After that I keep working until I finish all my tasks and then I get ready to go surfing, visit the city, or have coffee with my friends, depending on where I am!
On average, how many hours do you work on a regular weekday?
It depends. When I was fully employed I had to work 8 hours a day. The good part was that I could work mornings or nights, on weekdays and/or weekends, and I could take a break in between if I wanted or work on everything in one shot.
Now I work much fewer hours because I work for projects, but I would like to work more!
How do you stay motivated and focused when you don't feel like working?
If I don't feel like working I turn off the computer and go out to play watersports. This way, when I return to work after a few hours I’m completely fresh!
What was one of the biggest challenges or roadblocks that you had to overcome in your journey to be a successful freelancer?
Getting paid on time, the need to be continuously learning new skills, and the increased importance of competency.
Now that you've experienced all the ups and downs of being a freelancer, would you go back to a regular 9-5 job?
Never! Sometimes, when I find it difficult to find my next freelance project, I start to think that getting an office job would be easier. One time I even applied to some office jobs, but when they called me for an interview I realized I couldn’t do it again.
If you could work from anywhere, what would be your dream work location?
I've been working for 2 years from a Vietnamese village and I love it! Now I would like the next destination to be somewhere in South America.
Do you have any work routines or habits that boost your productivity?
Wake up early and make a list of what things you want to get done that day. When you finish them, you are free for the rest of the day!
Working from home needs a lot of willpower because you have to establish your own routine, so at first you may feel you are on holiday and you may like it, but at the end you will start feeling guilty and unproductive, so it's important to set your working hours and be strict with yourself.
However, on the flip side, it can also happen that you work too much and you get burnt out, so you have to find out what habits work best for you and find a balance.
Your best interview tip?
Be confident. I don't know how it is in your country, but the employment situation in Spain is ridiculous. You have to apply for hundreds of jobs until one of them contacts you, and usually it's the worst one. This causes you to start slowly undervaluing yourself.
However, when I started traveling, I noticed this doesn't happen in other countries. Usually it’s you who decides who you want to work for and for how much. The confidence I gained suddenly allowed me to find many more jobs.
What do you wish other people knew about freelancing?
I'm sure many will already know this, but freelancing has two sides, good and bad. On the negative side, you'll be leaving your comfort zone and this will unbalance you in some moments.
You'll have to deal with terrible Wi-Fi conditions, you'll struggle finding projects at the start, etc.

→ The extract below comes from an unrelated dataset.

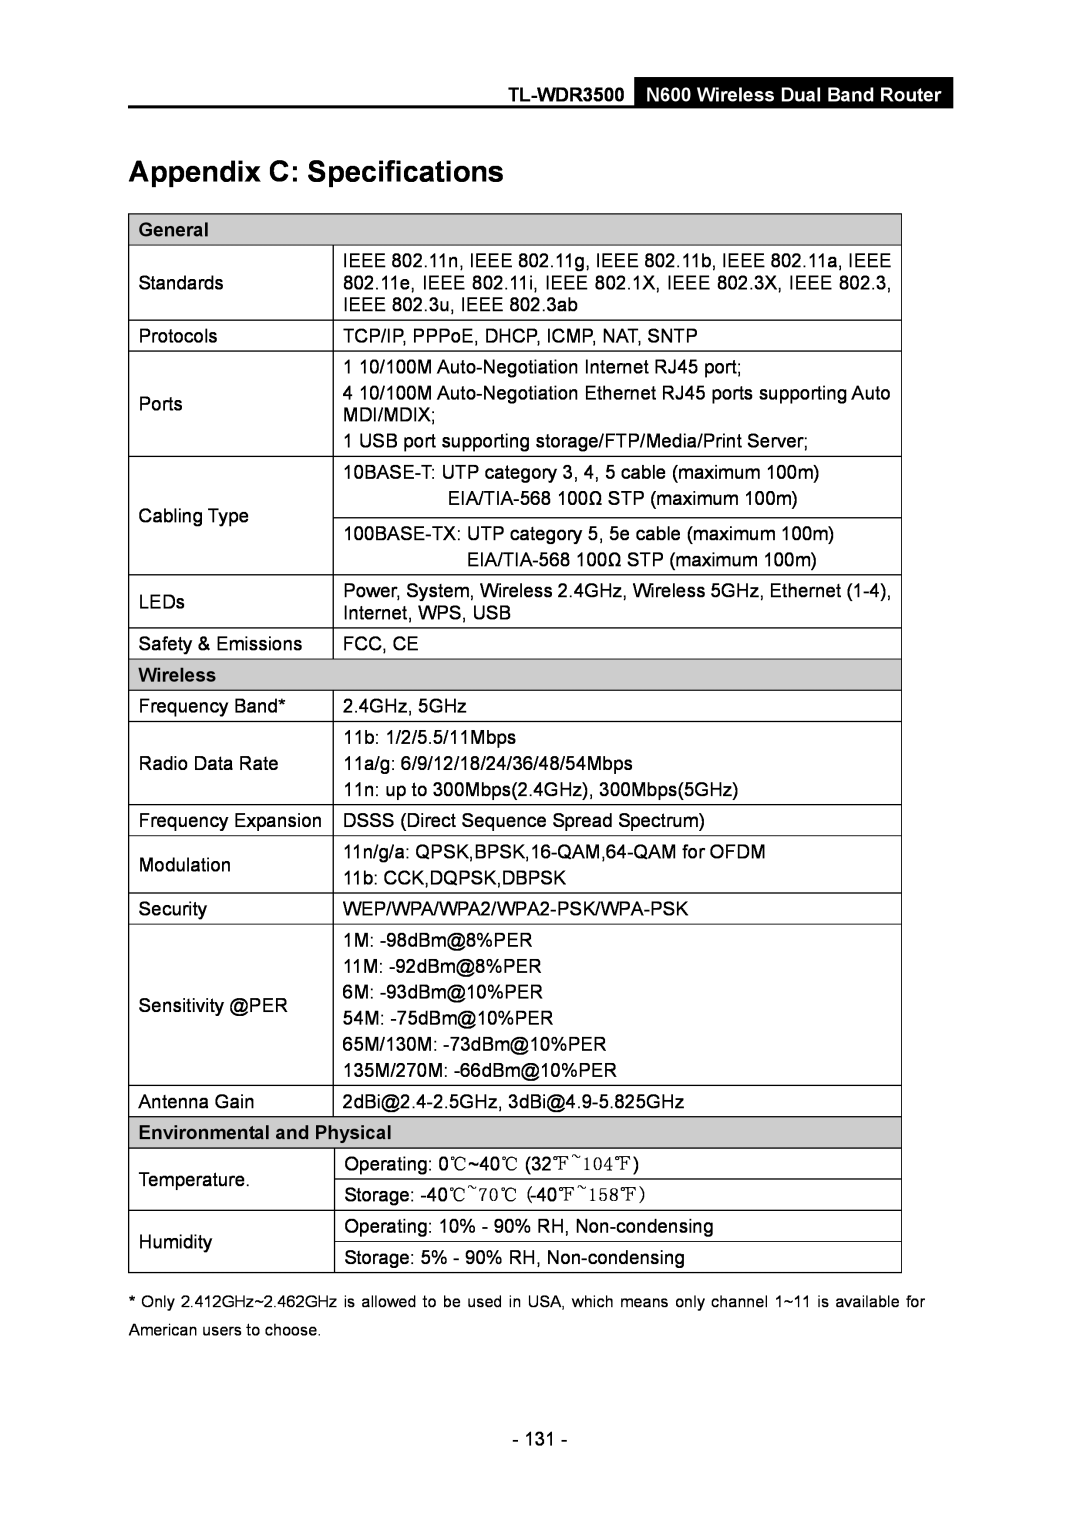 TP-Link TL-WDR3500 manual Appendix C Specifications, General, Wireless, Environmental and Physical

On the positive side, you'll experience a freedom you’ve never had before. You'll meet new people, go to new places, and you'll grow much faster professionally. It's up to you to decide if it's worth it.
What advice would you give other people who are just getting started, but are still unsure about freelancing?
Just try it. You won’t lose anything. On the contrary, you will have tried something new and then you’ll be more free to decide what you want for your life.
If you could go back to your early days as a freelancer and give yourself one piece of advice, what would it be?
As I mentioned earlier, I would tell myself not to limit my mind. When we’re growing up, we’re often taught there’s a single lifestyle, but when you go out into the world you realize that there are millions more and you can choose for yourself.